Being since it is already split it wouldn't hurt to try to glue it and clamp it down.

That's a bummer! I hate when that happens.


----------



## tynewman (Mar 10, 2019)

One of the dowels popped out a piece of the headrest


----------



## pottz (Sep 15, 2015)

ouccchhh.well if you intend to sell it and i assume it wont be cheap id say replace the head rest.if your gonna keep it maybe try repairing.having done one my heart goes out to you.


----------



## Redoak49 (Dec 15, 2012)

The dowel was too close to the surface of the head rest. How tight were the dowels? If they were snug and you glued them, hydraulic pressure can cause that when you push them together. In the rocker I built the dowels were quite loose and I used epoxy.


----------



## laterthanuthink (Jan 17, 2018)

I would not replace the board. The blowout gives your chair character. I would do the best cosmetic repair possible and be happy and proud of what obviously is an outstanding piece of craftsmanship.


----------



## tynewman (Mar 10, 2019)

Yes, I know the cause, and yes, I make my dowels loose, I can usually push them all the way in by hand. 
I tried a repair, going to go check it in a bit. If it doesn't make me happy I'm going to replace it. I guess I needed some commiseration and someone to tell me to just replace the thing.
Anyway, I'll post a picture of the repair while I build a new headrest.

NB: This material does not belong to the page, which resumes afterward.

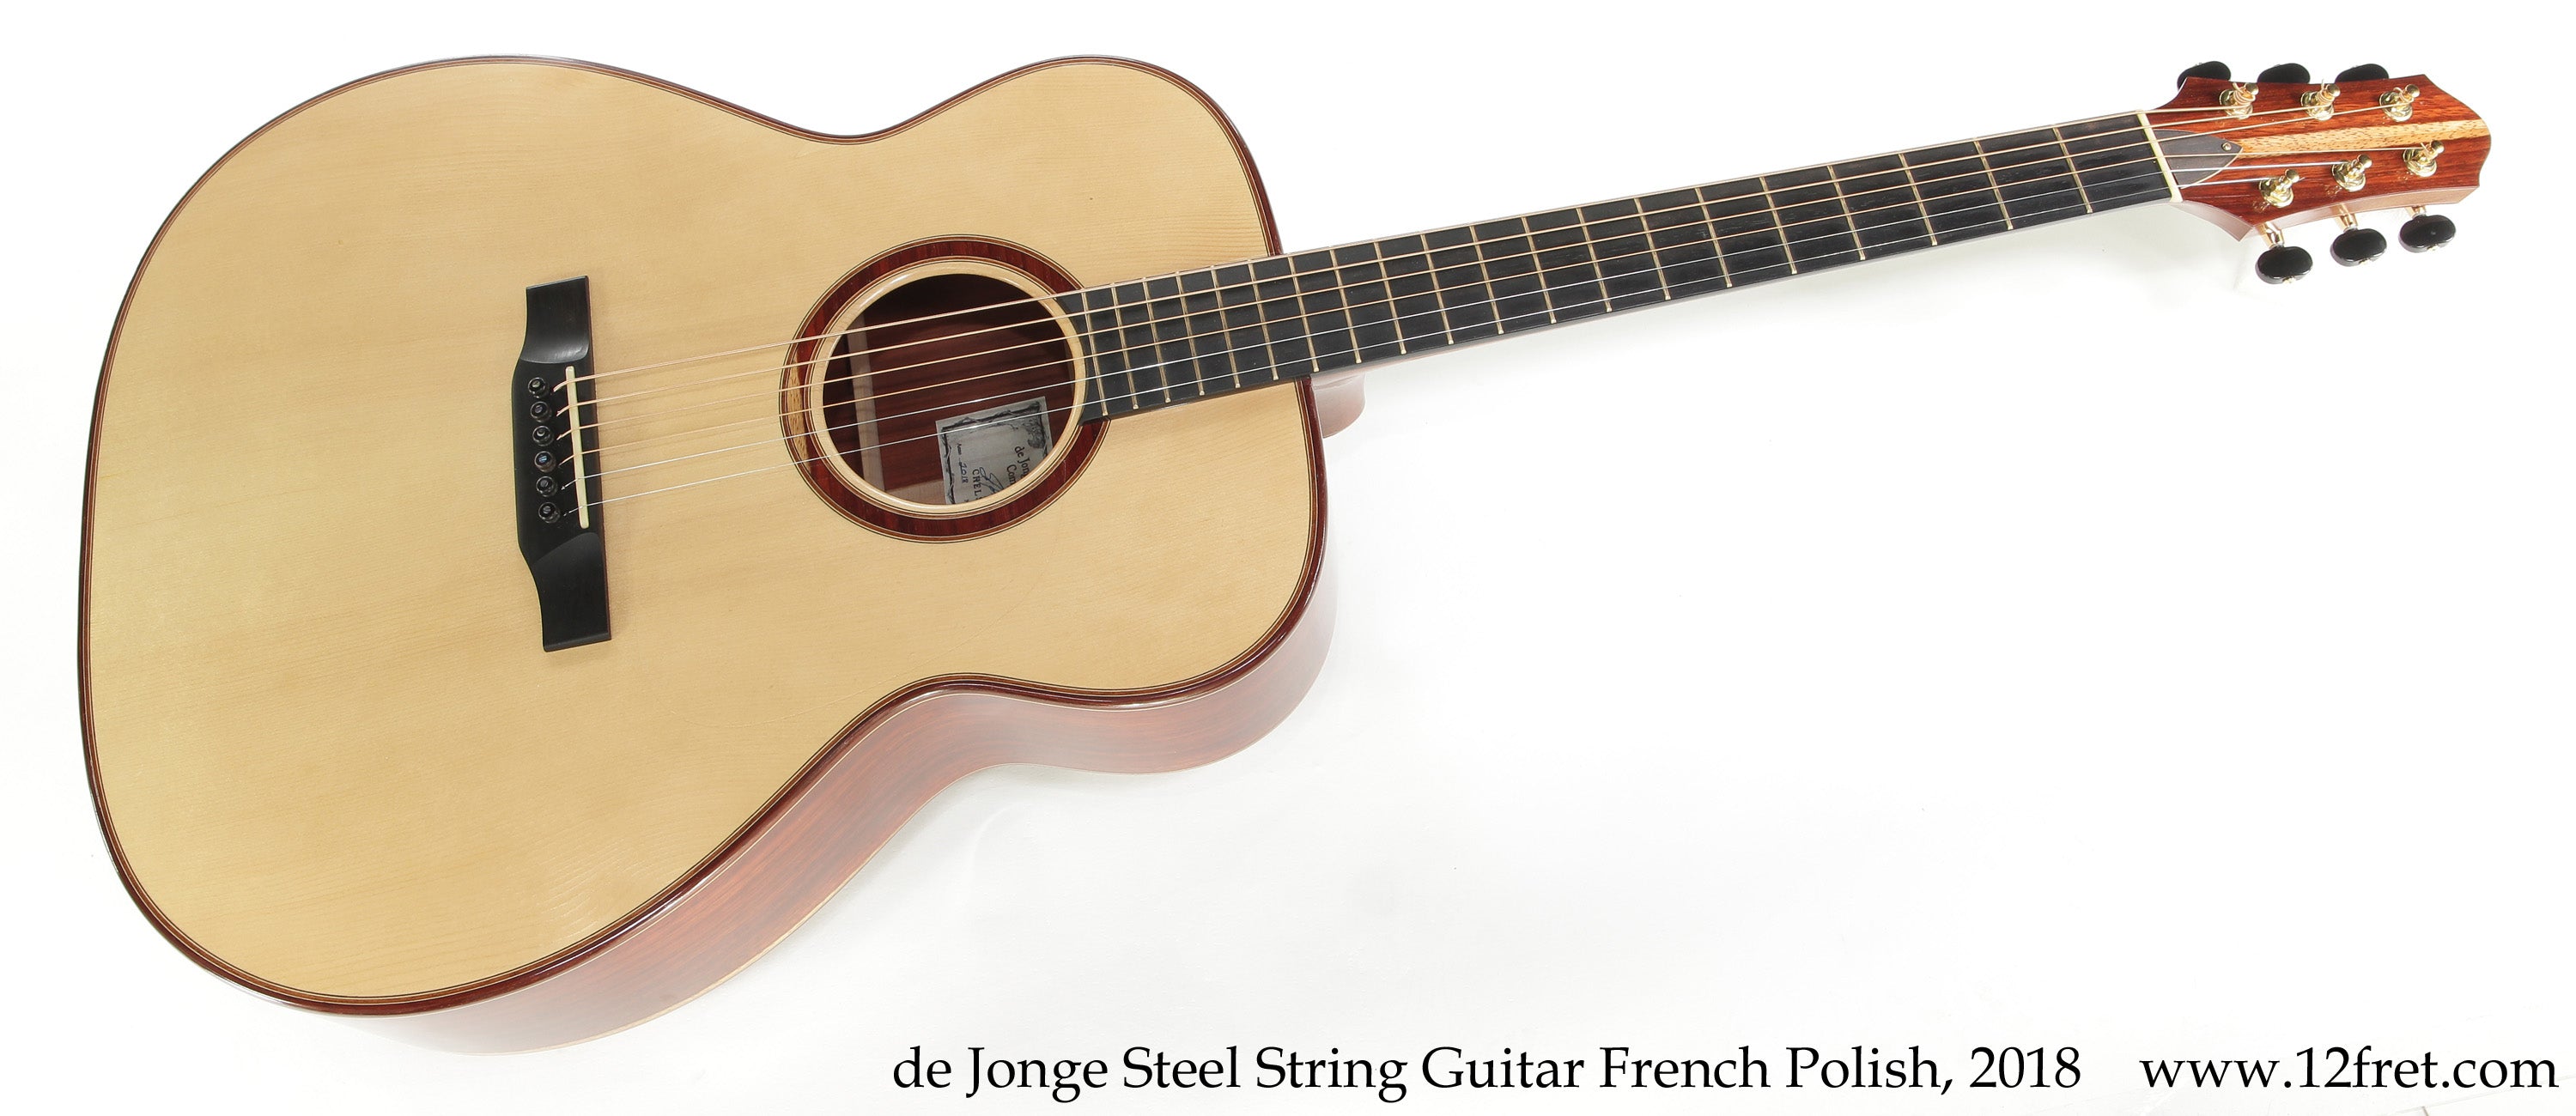 Sergei de Jonge Steel String Guitar French Polish, 2018 - The Twelfth Fret

If it looks ok maybe you can talk me out of surgery


----------



## pottz (Sep 15, 2015)

a chair of that quality typically sells for 3-4 thousand,if i was paying that i wouldn't except a repaired chair.if your keeping it sure.


----------



## tynewman (Mar 10, 2019)

Surgery it is!


----------



## DS (Oct 10, 2011)

Redoing it correctly is way better than trying to put a bandage on it.

Sometimes, hiding errors is about removing them.

Looks like it will be very nice. Thanks for sharing.


----------



## laterthanuthink (Jan 17, 2018)

How about a bow tie? I think it would look great


----------



## WoodenDreams (Aug 23, 2018)

I see one of two options. Remake the piece (bummer). or, Do a repair, several possibilties, one is to drill out and remove the dowel, repair the hole and split, redrill for a new dowel. What you do on one end may have to be done on the other end to maintain a matched look, Then cut a inlay the width of the repair from one back to the other (thus hiding the repair). The inlay would then be as a if it was a planned design.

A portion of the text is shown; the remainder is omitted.